-
Notifications
You must be signed in to change notification settings - Fork 18
Help
Vector BCO edited this page Apr 13, 2021
·
3 revisions
<#
.SYNOPSIS
Fix for Microsoft Windows Unquoted Service Path Enumeration
.DESCRIPTION
Script for fixing vulnerability "Unquoted Service Path Enumeration" in Services and Uninstall strings. Script modifying registry values.
Require Administrator rights and should be run on x64 powershell version in case if OS also have x64 architecture
.PARAMETER FixServices
This bool parameter allow proceed Services with vulnerability. By default this parameter enabled.
For disabling this parameter use -FixServices:$False
.PARAMETER FixUninstall
Parameter allow find and fix vulnerability in UninstallPaths.

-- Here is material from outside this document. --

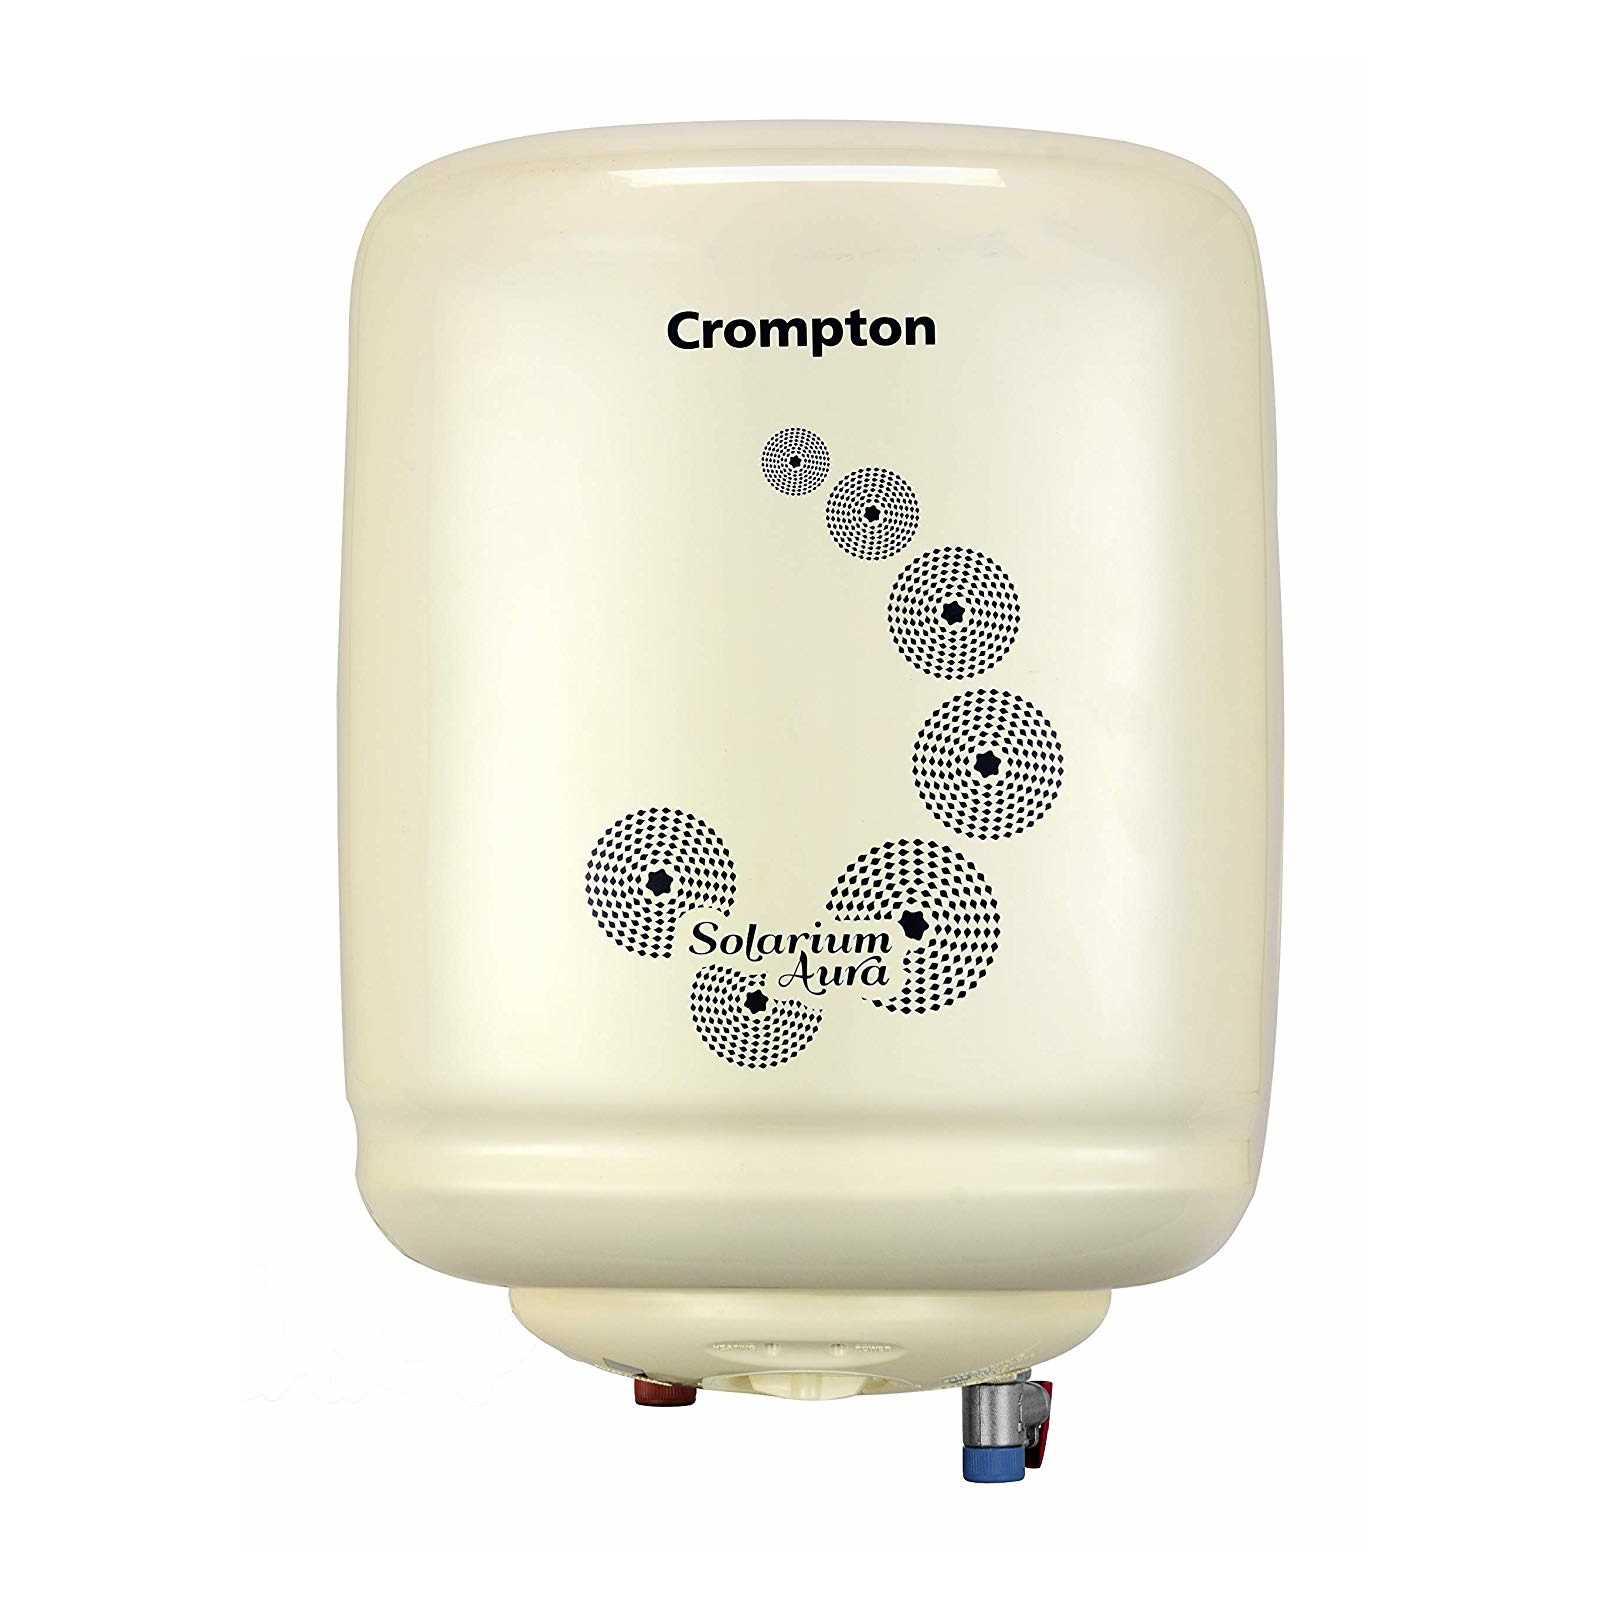 Crompton Solarium Aura 06 Litre Storage Water Heater

Will be covered paths for x86 and x64 applications on x64 systems.
.PARAMETER FixEnv
Find services with Environment variables in the ImagePath parameter, and replace Env. variable to the it value
EX. %ProgramFiles%\service.exe will be replace to "C:\Program Files\service.exe"
.PARAMETER WhatIf
Parameter should be used for checking possible system impact.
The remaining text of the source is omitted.